An easy way to load data from Excel into `R` is to save it as a csv (comma-separated values) file, and then use the `read.csv()` function.
```{r chunk27}
Auto <- read.csv("Auto.csv", na.strings = "?", stringsAsFactors = T)
View(Auto)
dim(Auto)
Auto[1:4, ]
```
The `dim()` function tells us that the data has $397$ observations, or rows, and nine variables, or columns. There are various ways to deal with the missing data. In this case, only five of the rows contain missing observations,
and so we choose to use the `na.omit()` function to simply remove these rows.
```{r chunk28}
Auto <- na.omit(Auto)
dim(Auto)
```
Once the data are loaded correctly, we can use `names()` to check the variable names.
```{r chunk29}
names(Auto)
```
## Additional Graphical and Numerical Summaries
We can use the `plot()` function to produce *scatterplots* of the quantitative variables.
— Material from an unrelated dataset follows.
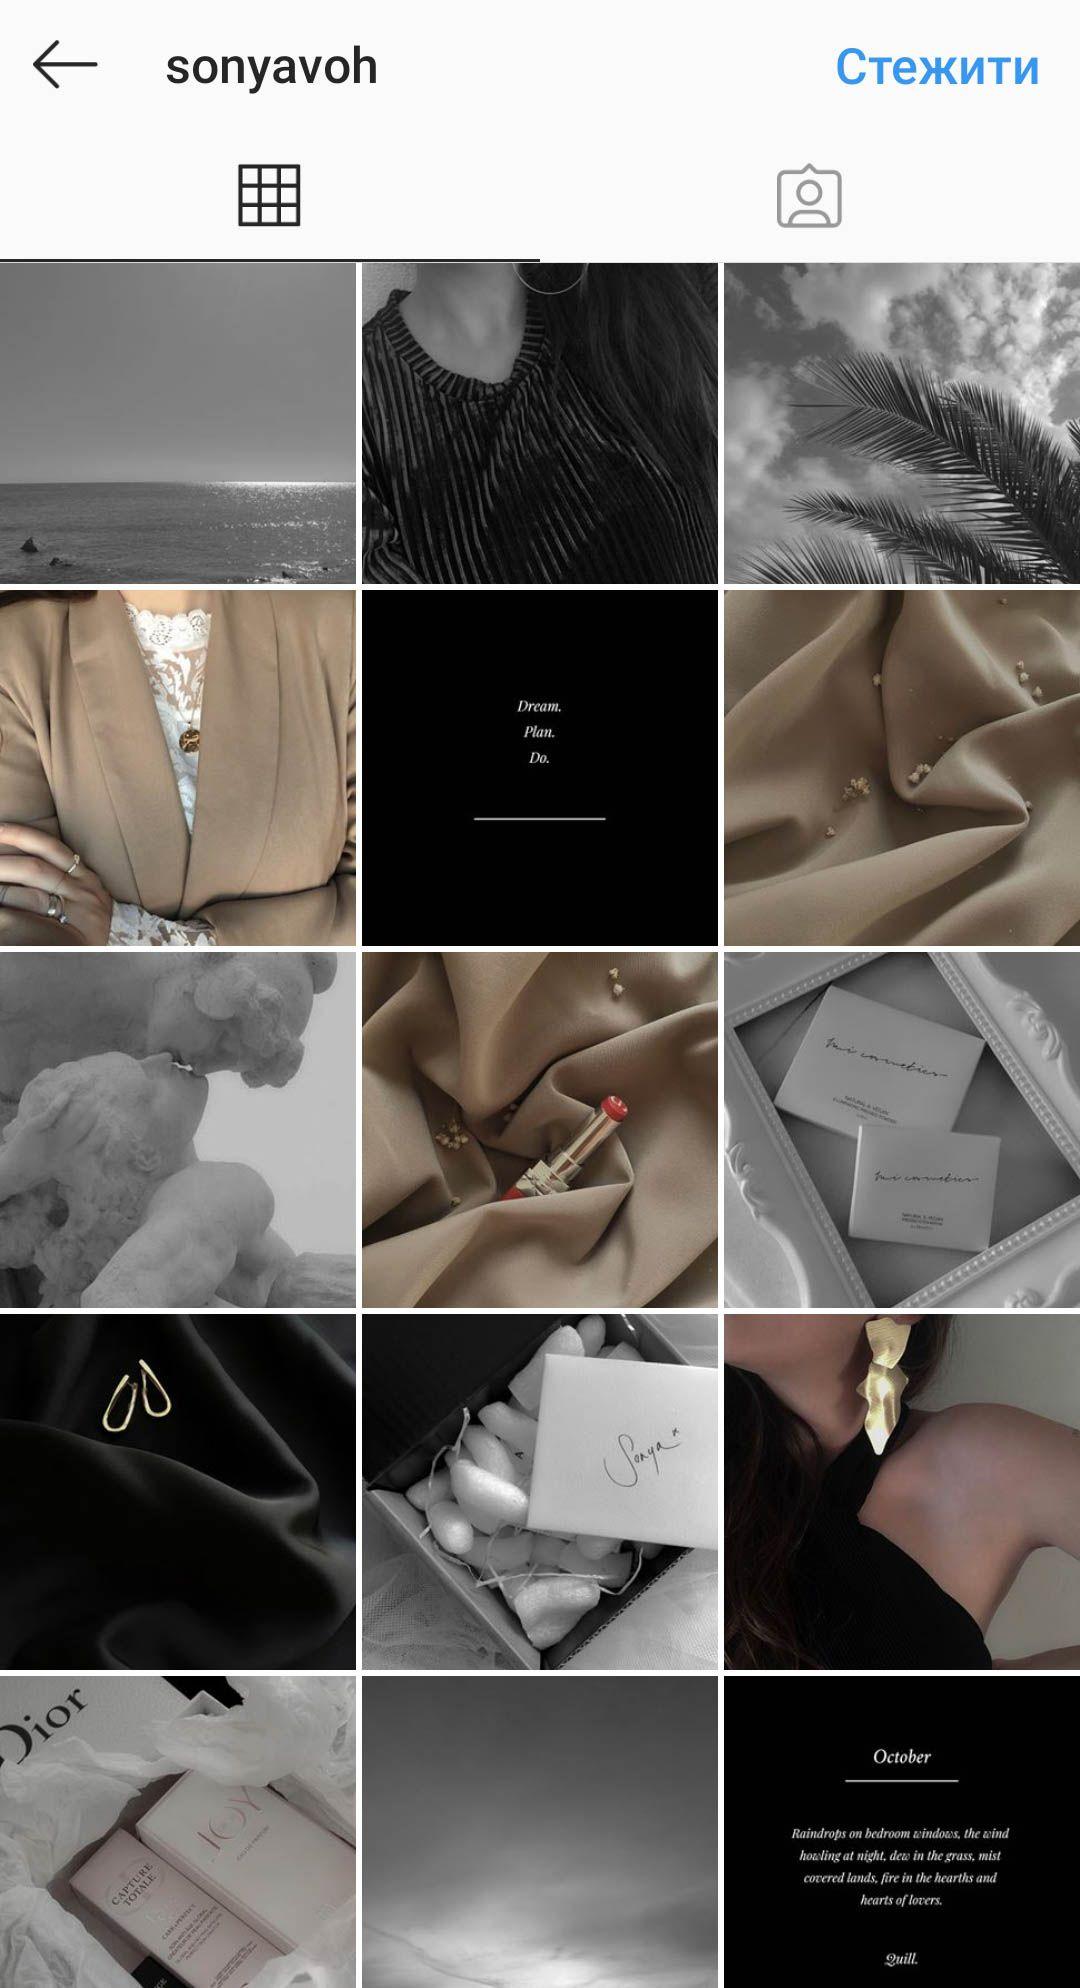 Pin Ot Polzovatelya Kalyn Na Doske Inst Insp V 2020 G Instagram Modnye Makety Dizajn Lentami
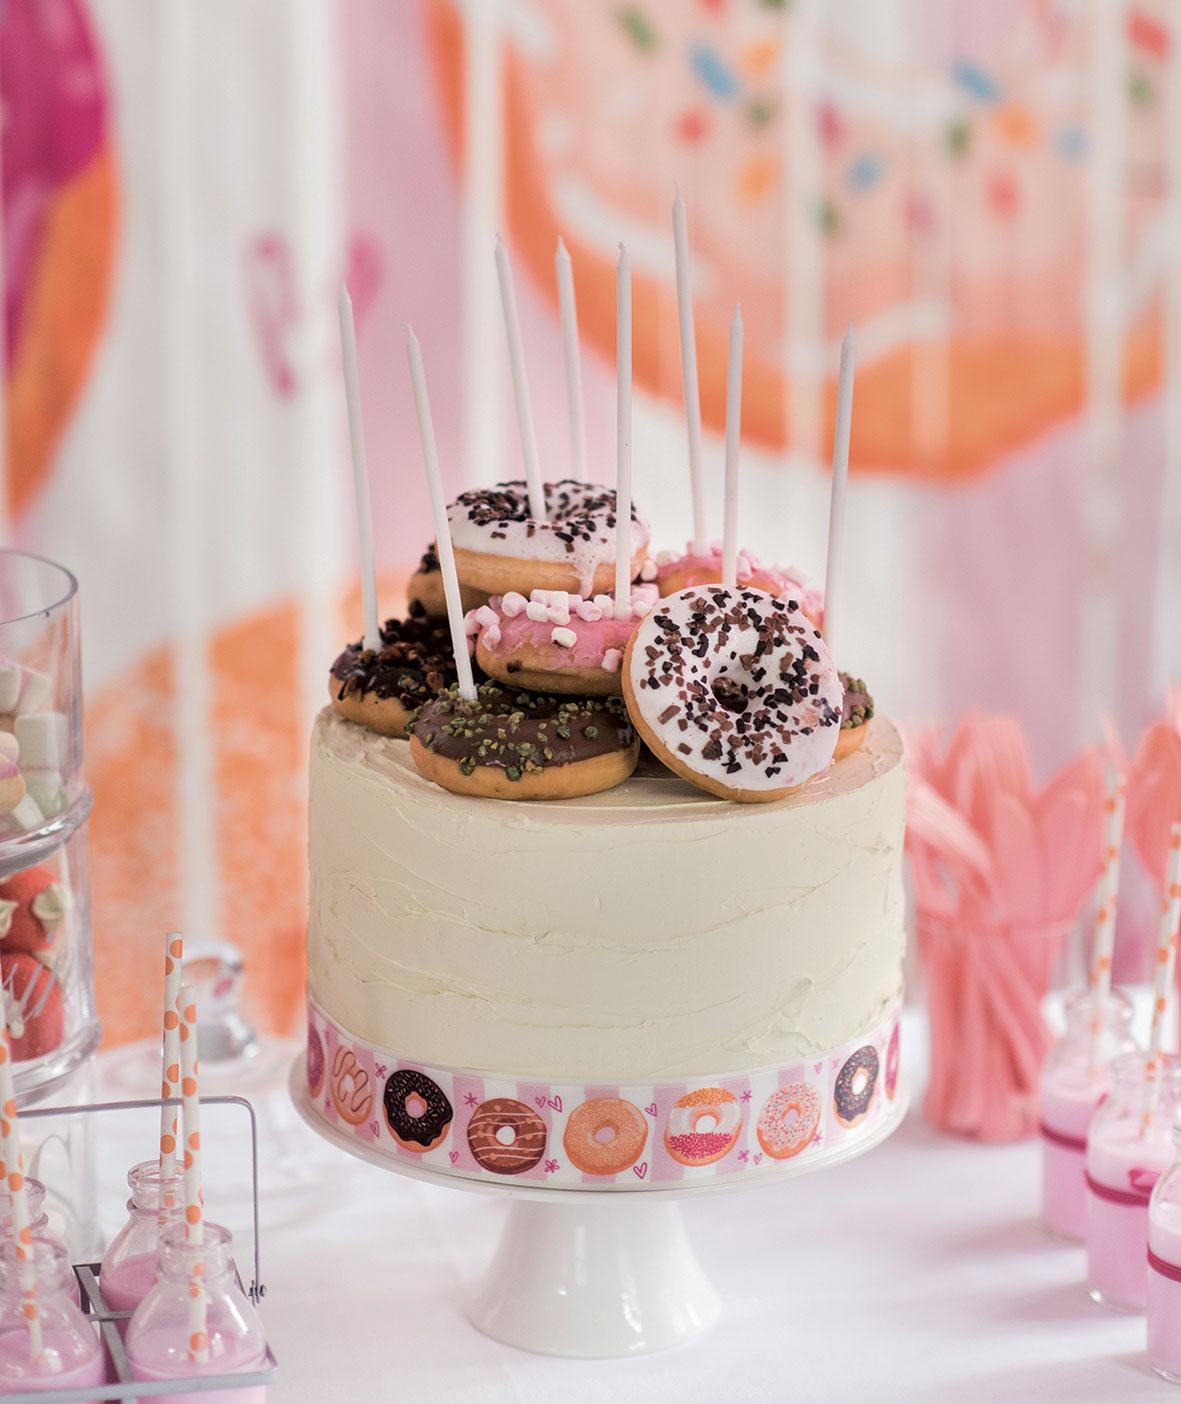 Nastri per cake design nastri brizzolari - Accessori per cake design ...

However, simply typing the variable names will produce an error message,
because `R` does not know to look in the `Auto` data set for those variables.
```{r chunk30}
plot(cylinders, mpg)
```
To refer to a variable, we must type the data set and the variable name joined with a \textR{\$} symbol.
Alternatively, we can use the `attach()` function in order to tell `R` to make the variables in this data frame available by name.
```{r chunk31}
plot(Auto$cylinders, Auto$mpg)
attach(Auto)
plot(cylinders, mpg)
```
The `cylinders` variable is stored as a numeric vector, so `R` has treated it as quantitative. However, since there are only a small number of possible values for `cylinders`,
one may prefer to treat it as a qualitative variable. The `as.factor()` function converts quantitative variables into qualitative variables.
```{r chunk32}
cylinders <- as.factor(cylinders)
```
If the variable plotted on the $x$-axis is qualitative, then *boxplots* will automatically be produced
by the `plot()` function. As usual, a number of options can be specified in order to customize the plots.
```{r chunk33}
plot(cylinders, mpg)
plot(cylinders, mpg, col = "red")
plot(cylinders, mpg, col = "red", varwidth = T)
plot(cylinders, mpg, col = "red", varwidth = T,
horizontal = T)
plot(cylinders, mpg, col = "red", varwidth = T,
xlab = "cylinders", ylab = "MPG")
```
The `hist()` function can be used to plot a . Note that `col = 2` has the same effect as `col = "red"`.
```{r chunk34}
hist(mpg)
hist(mpg, col = 2)
hist(mpg, col = 2, breaks = 15)
```
The `pairs()` function creates a *scatterplot matrix*, i.e. a scatterplot for every pair of variables. We can also produce scatterplots for just a subset of the variables.
```{r chunk35}
pairs(Auto)
pairs(
~ mpg + displacement + horsepower + weight + acceleration,
data = Auto
)
```
In conjunction with the `plot()` function, `identify()` provides a useful interactive method for identifying the value of a particular variable for points on a plot. We pass in three arguments to `identify()`: the $x$-axis variable, the $y$-axis variable, and the variable whose values we would like to see printed for each point. Then clicking one or more points in the plot and hitting Escape will cause `R` to print the values of the variable of interest. The numbers printed under the `identify()` function correspond to the rows for the selected points.
```{r chunk36}
plot(horsepower, mpg)
identify(horsepower, mpg, name)
```
The `summary()` function produces a numerical summary of each variable in a particular data set.
```{r chunk37}
summary(Auto)
```
For qualitative variables such as `name`, `R` will list the number of observations that fall in each category. We can also produce a summary of just a single variable.
```{r chunk38}
summary(mpg)
```
Once we have finished using `R`, we type `q()` in order to shut it down, or quit.
When exiting `R`, we have the option to save the current so that all
objects (such as data sets)
that we have created in this `R` session will be available next time.
Before exiting `R`, we may want to save a record of all of the commands that we typed in the most recent session; this can be accomplished using the `savehistory()` function. Next time we enter `R`, we can load that history using
the `loadhistory()` function, if we wish.